Figure 5.1 Copper access network.

1. location of all access nodes (footway boxes), 2. location of DPs,

3. assignment of customers to DPs, 4. aggregation of DPs into sub-networks, 5. assignment of DPs to cable paths, and

6. route of all cables to satisfy customer demand at the lowest cost.

The distribution network architecture is built from a number of different types of sleeves, joint boxes, cables and ducts. Customers are connected to the network at connection points called sleeves, which are normally accommodated in underground joint boxes. Ducts are used to house the secondary and distribution multicore cables, which range in size from 5 to 100 pairs.

5.2.2 Network Object Model

A model of the network was created using object-oriented development methods, Object oriented analysis OOA and design OOD enable development of flexible, intuitive models.

Object-oriented models are based upon the underlying domain structure. A system built around domain entity structures is normally more stable than one based around functionality. It has been recognised that most software modifications are associated with system functionality rather than the underlying domain (Paul et al., 1994).

PCP

Sleeve

DP

Customer Cable

Duct

Figure 5.2 Secondary copper network.

These principles are then applied to create a model (Paul et al., 1994).

Classification (abstraction) is the operation of grouping together objects with similar features.

Inheritance (generalisation) if there are specialised types of a class which exhibit common features, the principle of inheritance can be used to organise them.

Association represents a relationship between two different classes of objects.

Aggregation (whole/part structure) expresses a special relationship in which one class contains another.

As object modelling is based upon the organisation principles of human thought processes, domain specialists are able to contribute to the design of an object model without requiring specialist computer skills. In an object-oriented model, the objects and their associations correspond directly to real world entities and their relationships. Consequently, the object model is modular and closely resembles the real network. Objects can represent both physical items (copper cables) and abstract concepts (time slots in a frame). These characteristics make object models easy to understand, maintain and extend.

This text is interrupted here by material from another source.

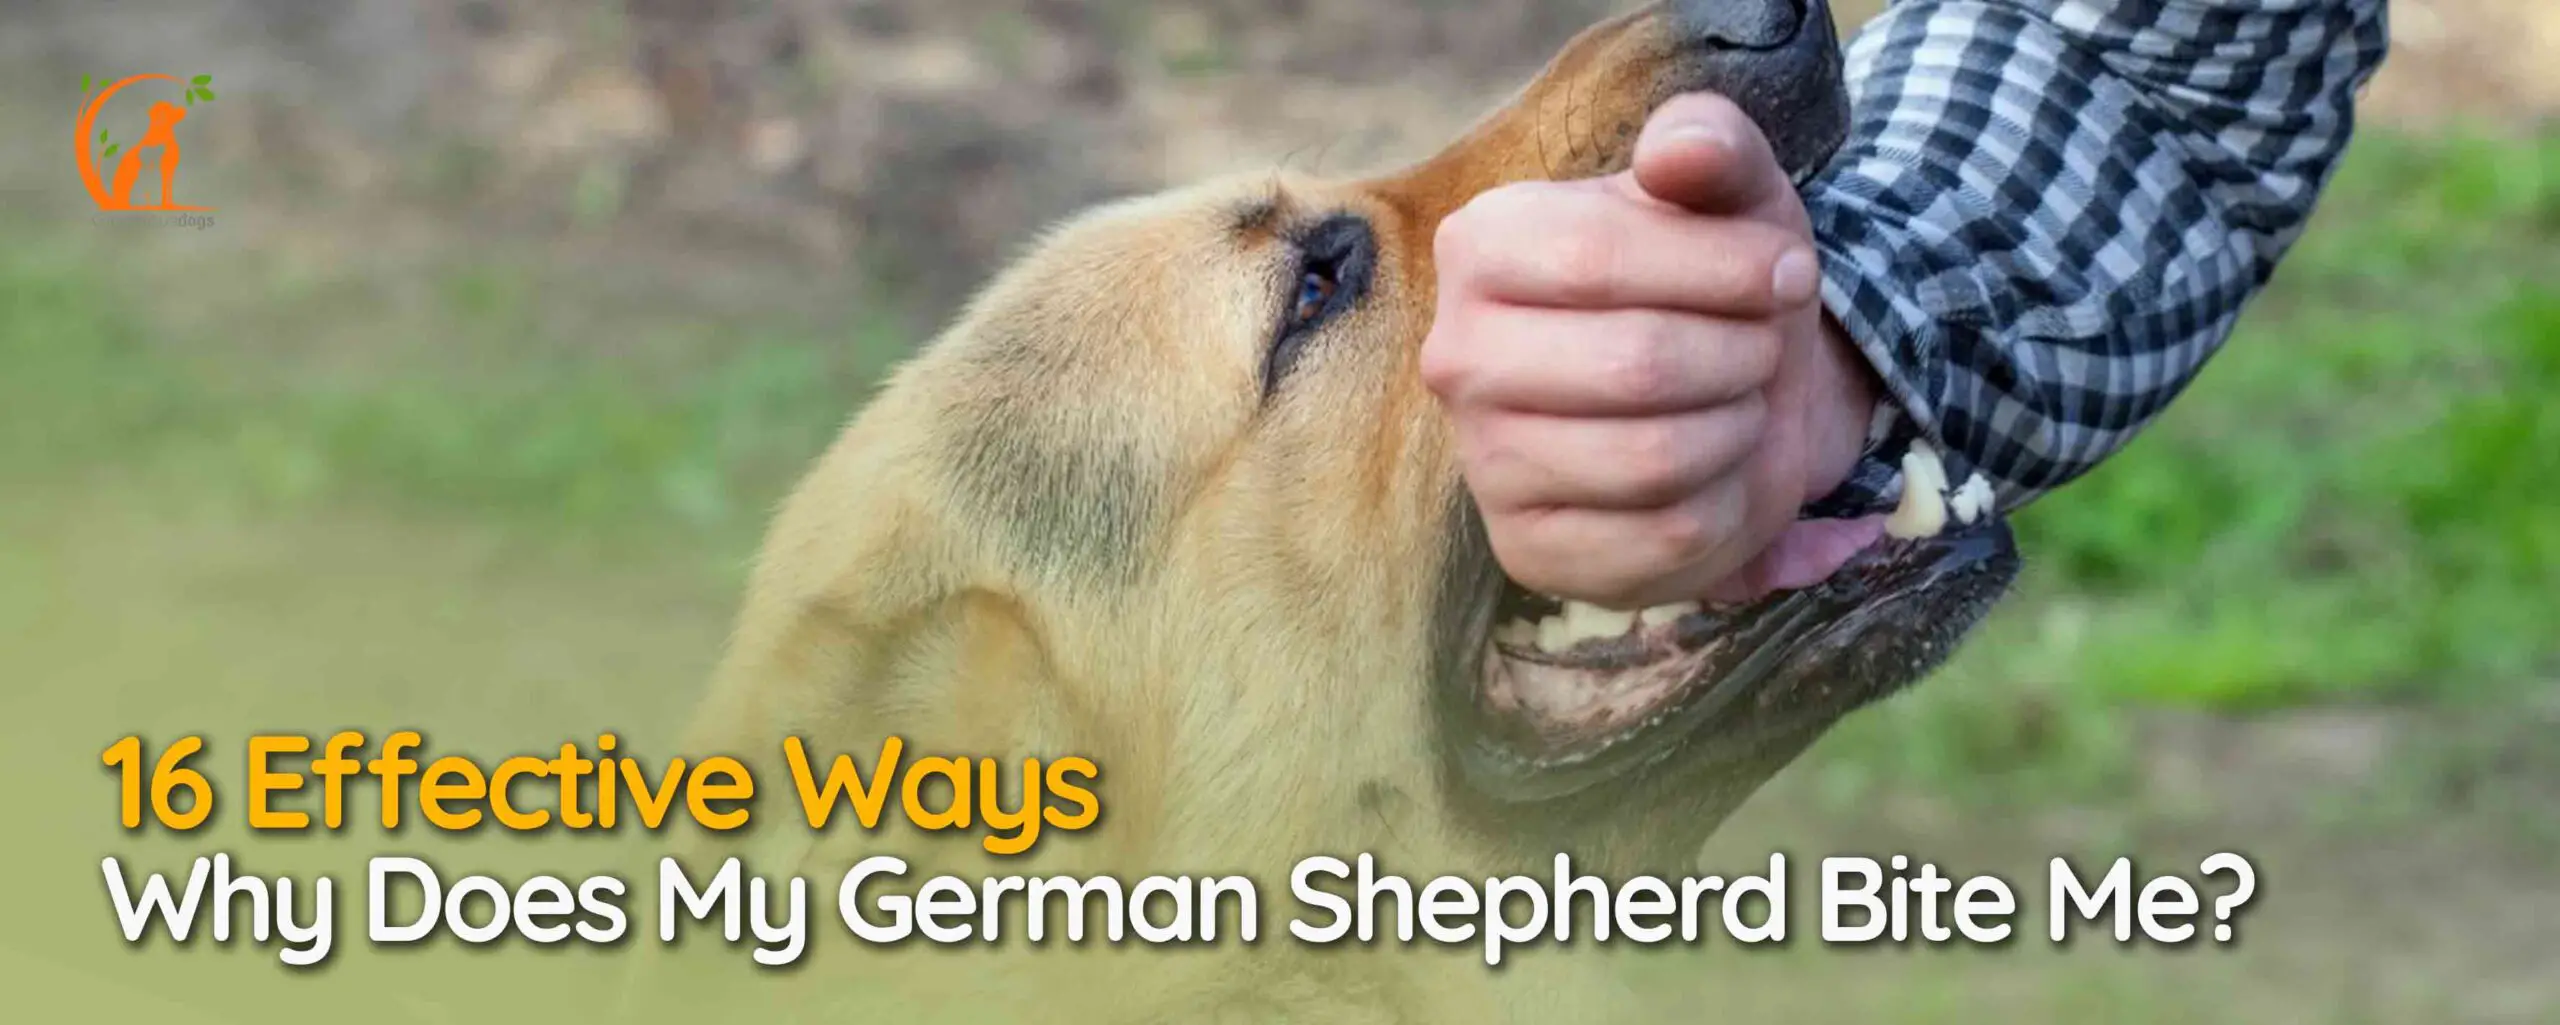 Why Does My German Shepherd Bite Me

A network object model is required to capture the network topology and its connection rules. Persistent computer based objects capture the functionality of network components and state attributes. The use of object-oriented methods proved successful because they allowed the complex rules relating to network component connectivity to be represented in a flexible and concise manner. This scheme allows the seamless integration of engineering rules into the computer based objects. The majority of constraint checking for engineering rules is therefore carried out implicitly, through the mechanisms provided by the model.

However, practical experience has shown that another level of data abstraction is required to improve optimisation efficiency. The direct manipulation (creation and deletion) of network objects by the solver module during an optimisation run proved to be highly inefficient. To improve the efficiency of the process, relevant data from the object model is now held in the form of tables that can be accessed very rapidly. The design of the object schema employed the Object Modelling Technology (OMT) method developed by Rambaugh. This object model uses the class Nodes to represent access points, equipment cabinets and network components and the class Links to represent the cables and ducts. The high level view of the class schema is shown in Figure 5.3. The general-purpose object model has also been employed to support network performance and reliability analysis.

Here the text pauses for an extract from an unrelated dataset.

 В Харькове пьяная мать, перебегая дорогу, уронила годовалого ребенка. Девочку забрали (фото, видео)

Figure 5.3 General telecommunications network object model.

5.2.3 Structural Analysis Module

The function of this module is to analyse network structure before an optimisation run. This pre-process generates data held in a distance matrix, tabulating the distance and optimal route between any two nodes. Graph theory is used to calculate the shortest distance between any two nodes and form a modified minimum spanning tree. Floyd’s Algorithm is applied to generate the distance and path matrices. Distance information is required to initialise the search algorithm.